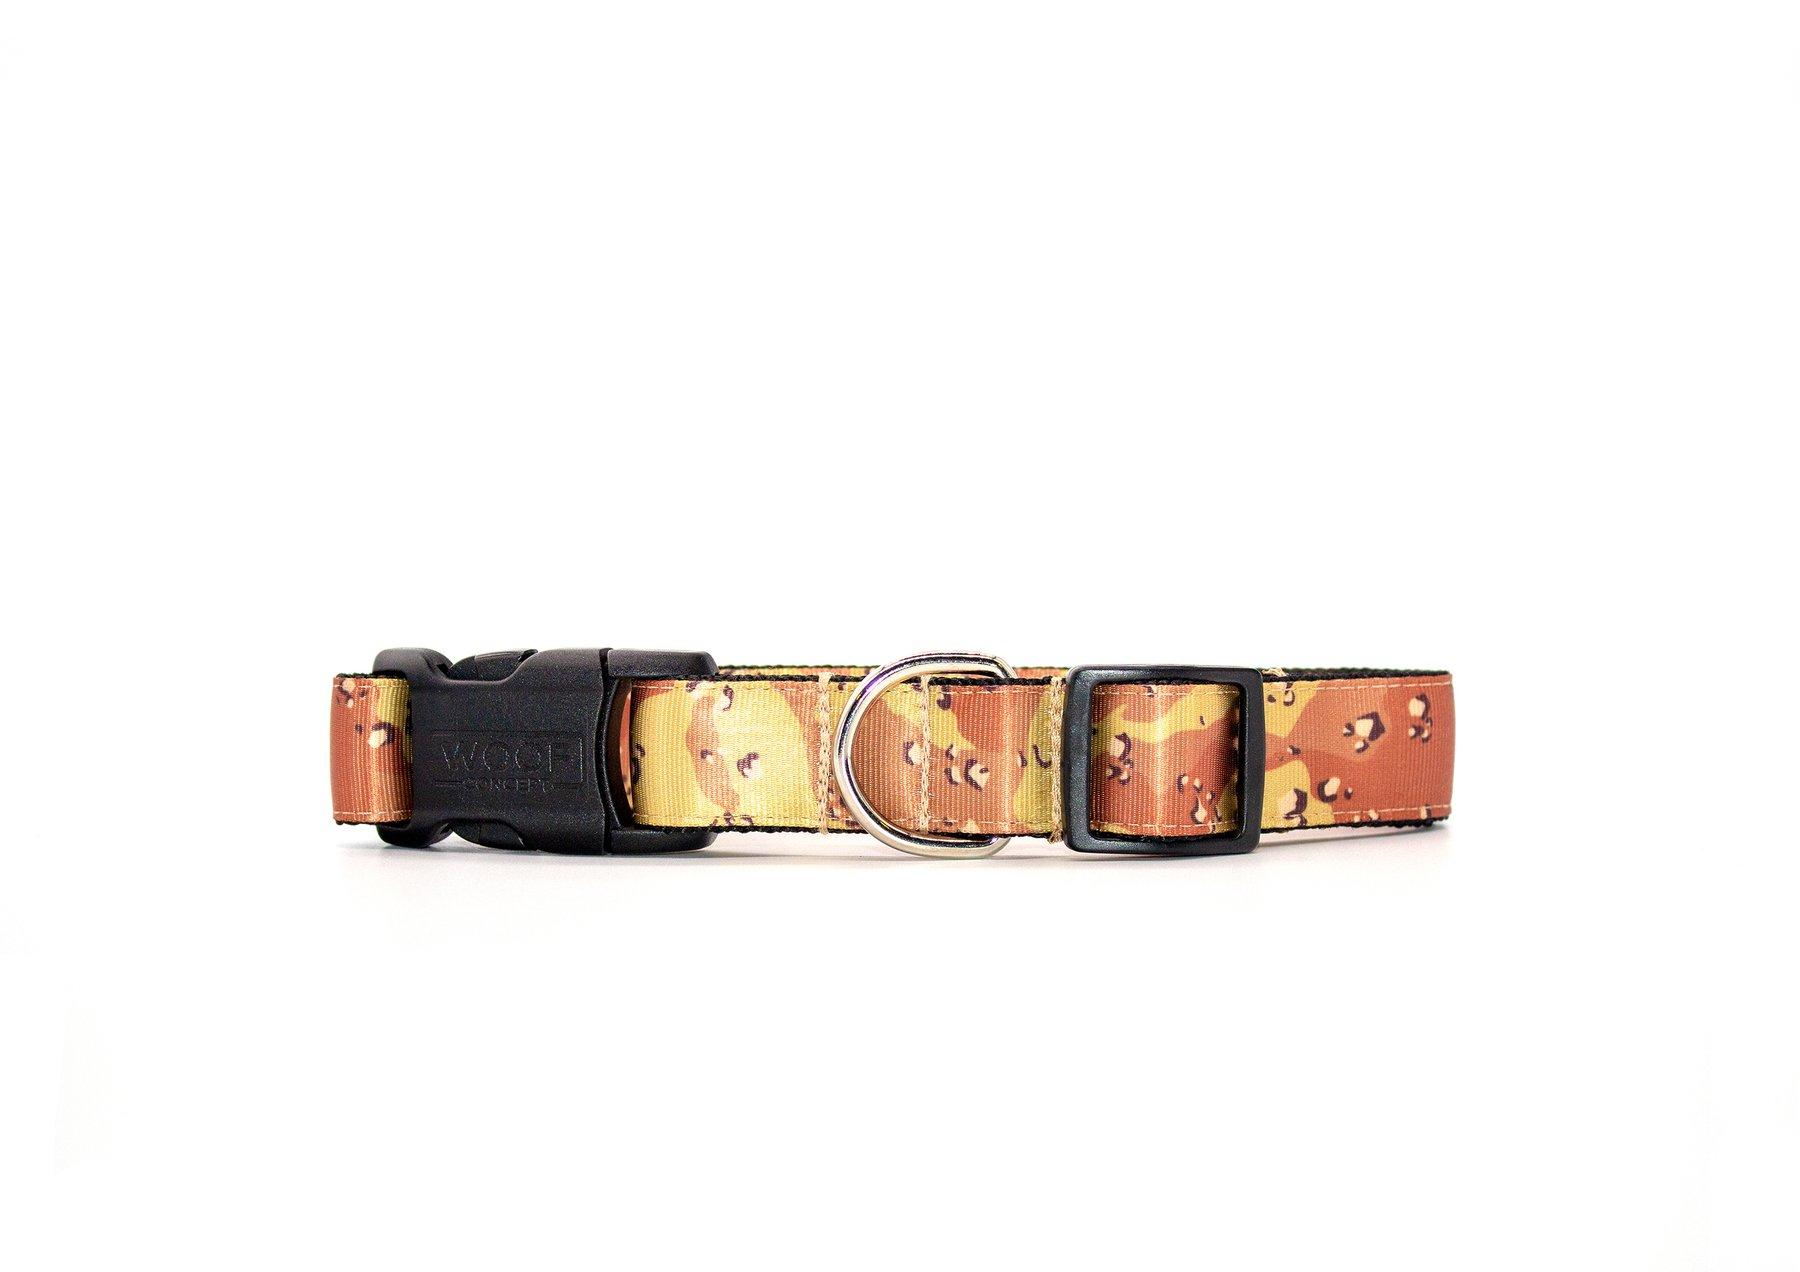 Woof Concept Dog Collar, Desert Camo, Medium
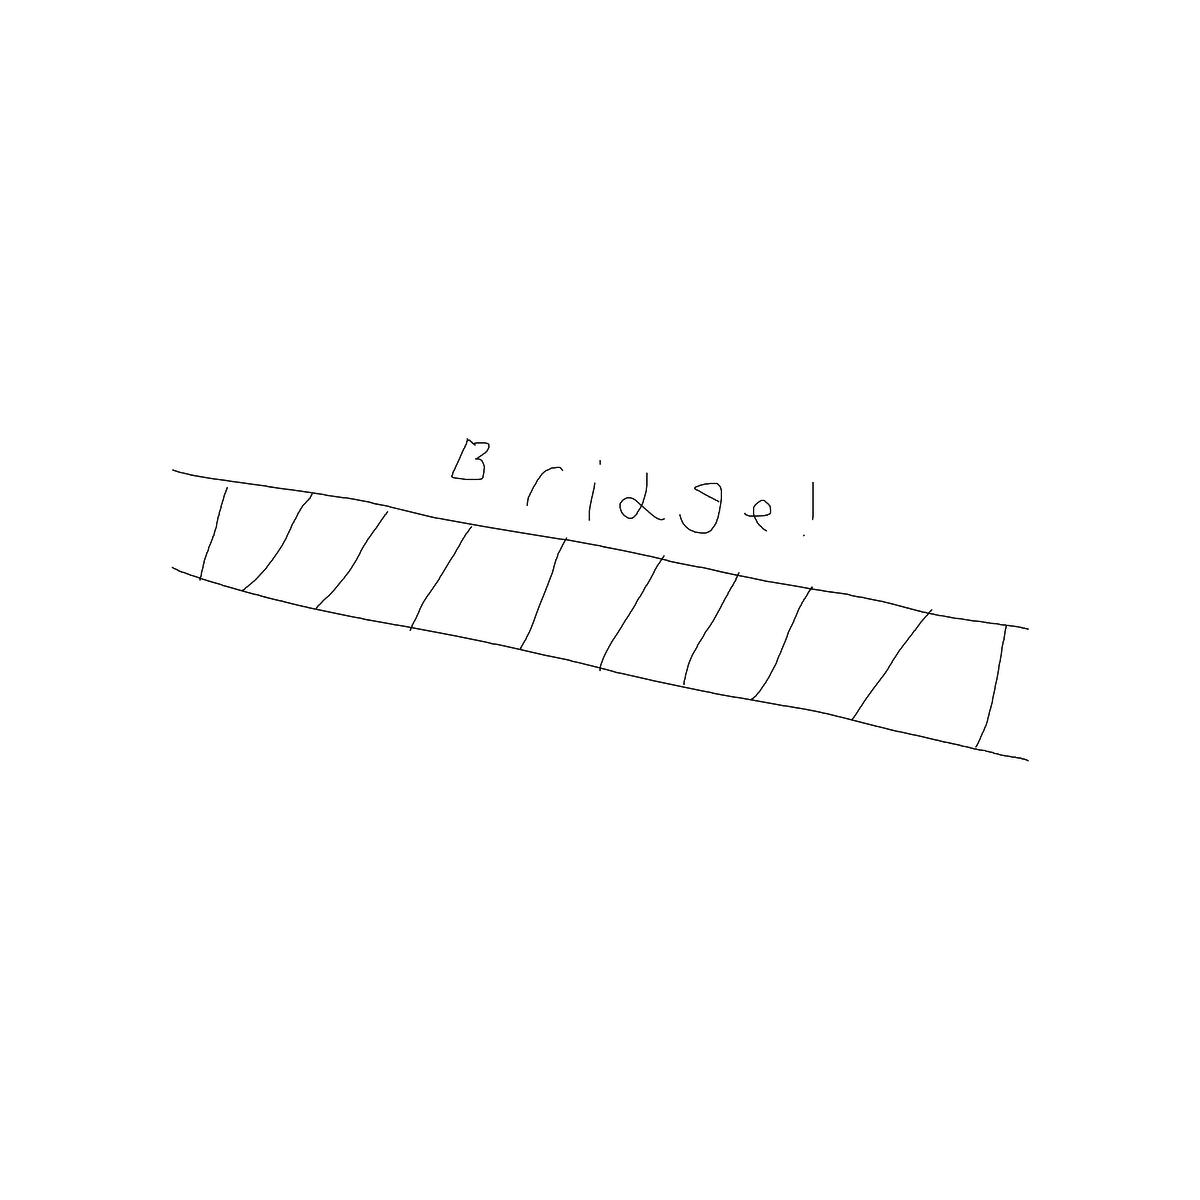 BAAAM drawing#23339 lat:66.0171356201171900lng: -169.7068328857422000
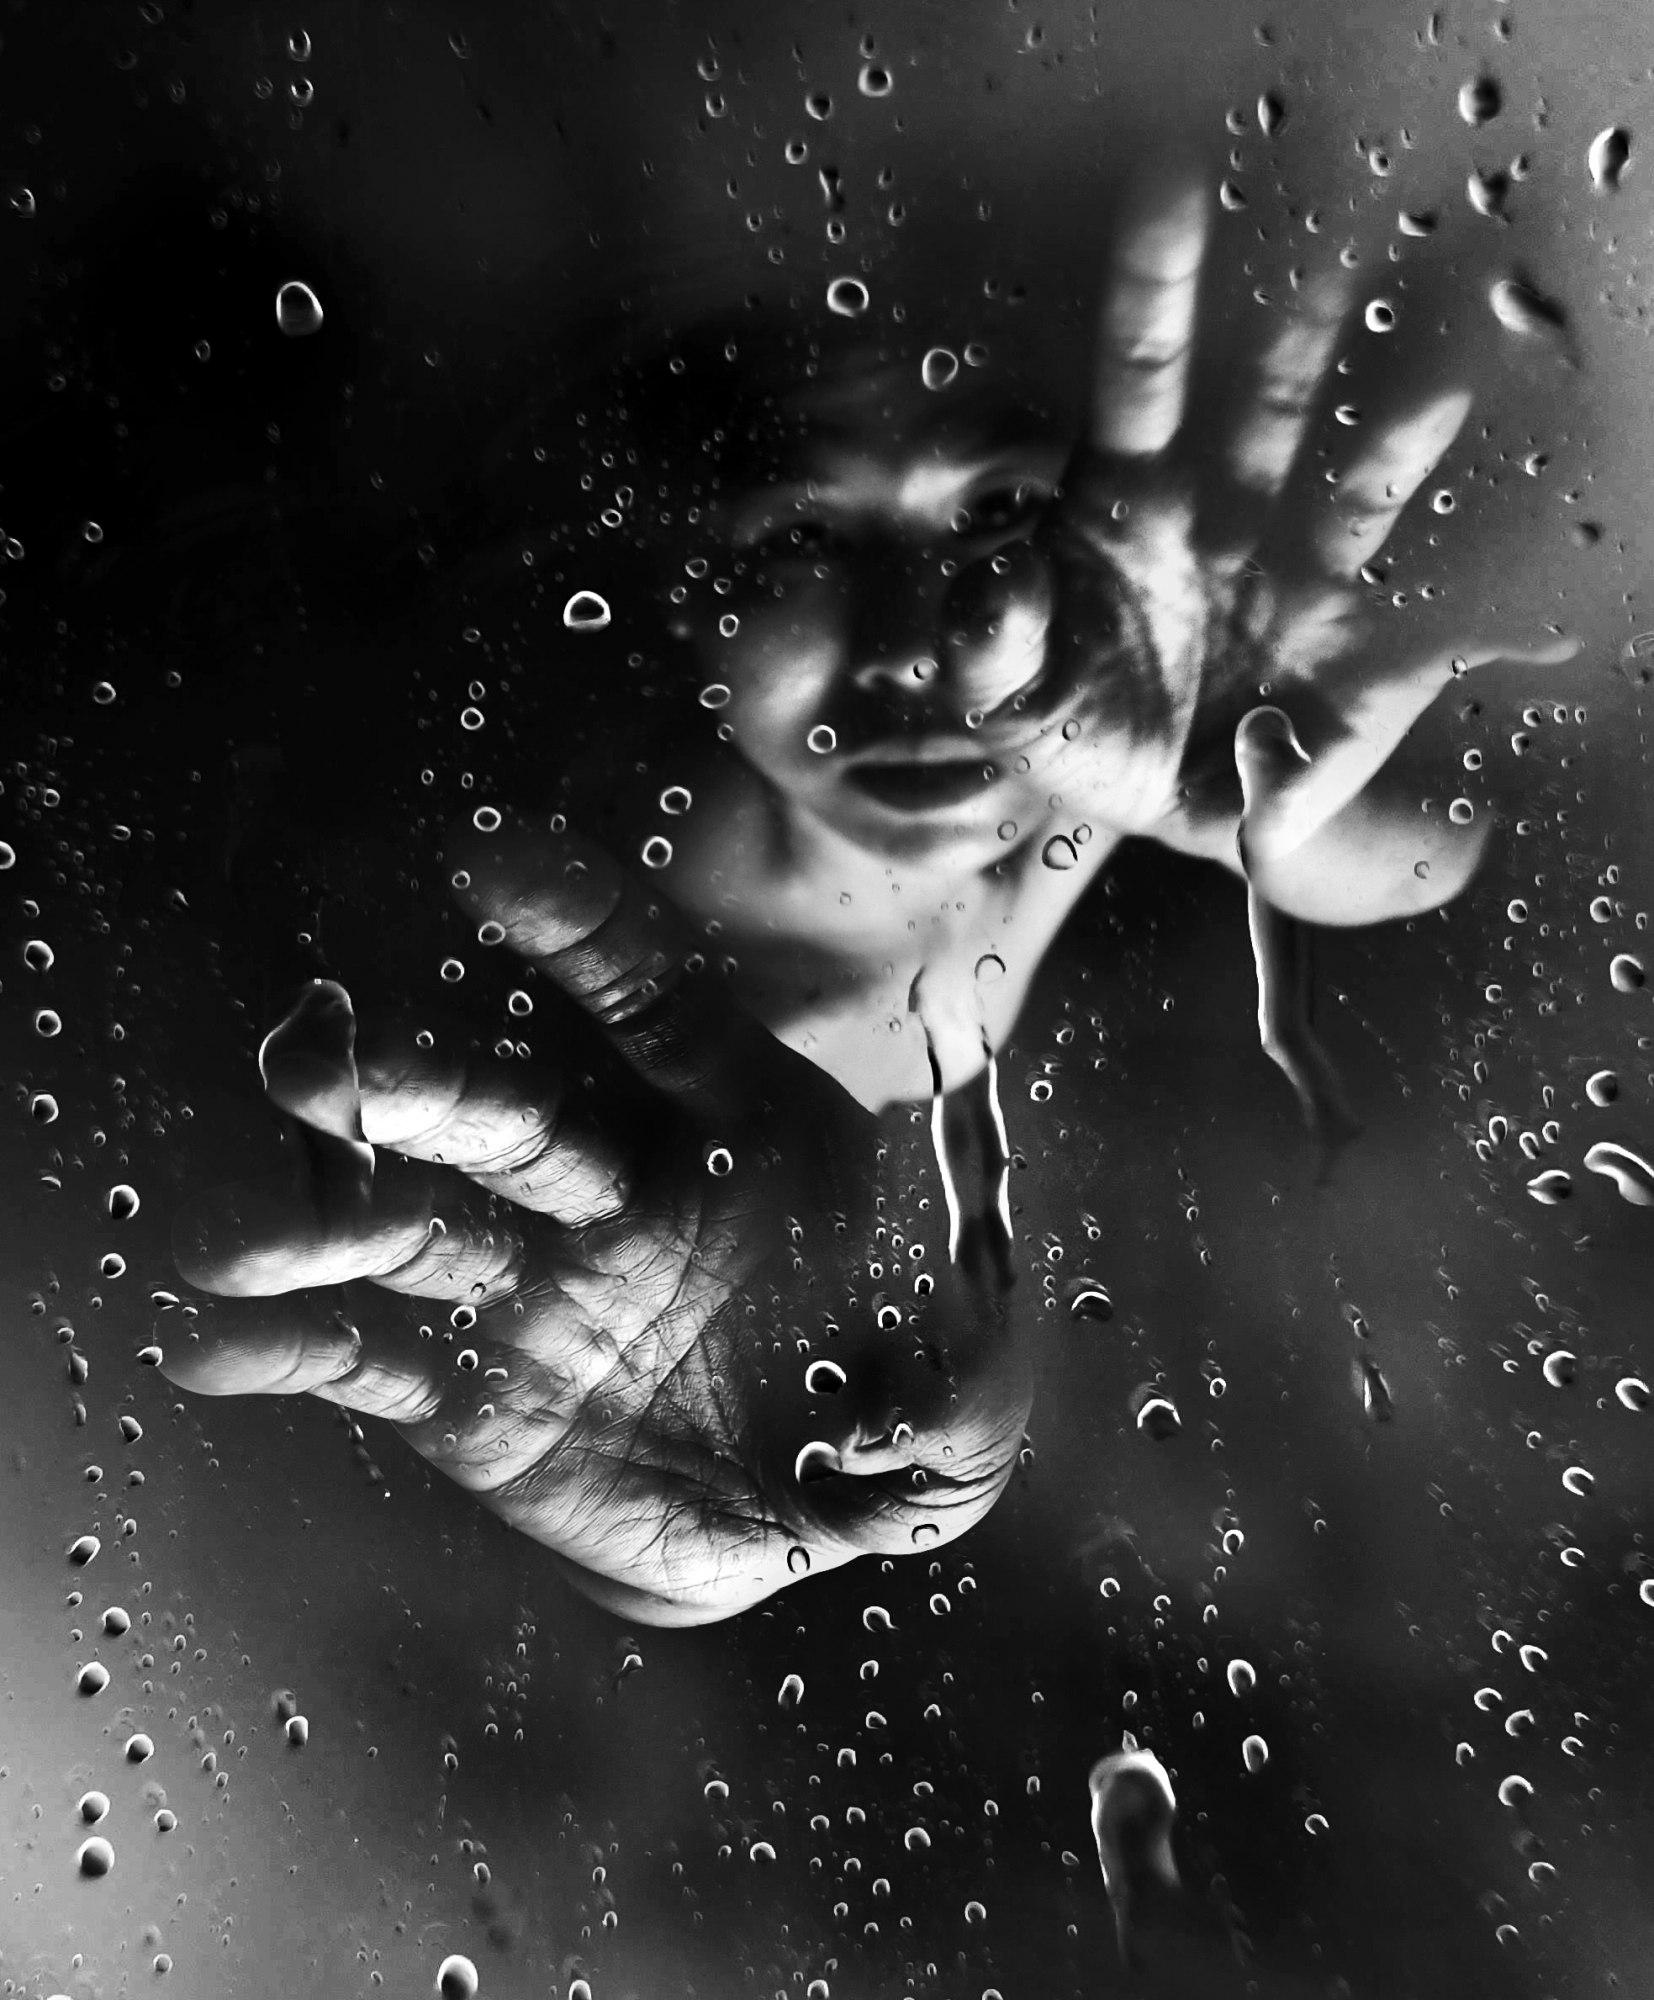 2019 / Rainy / 10x12 cm / Photo by Suelynee 何書伶

How to complete this task
Leave every picture out and set down exactly the lines running from the one with "drawing#23339 lat:66.0171356201171900lng: -169.7068328857422000" to the last line of the material above.

Task response
 BAAAM drawing#23339 lat:66.0171356201171900lng: -169.7068328857422000
 2019 / Rainy / 10x12 cm / Photo by Suelynee 何書伶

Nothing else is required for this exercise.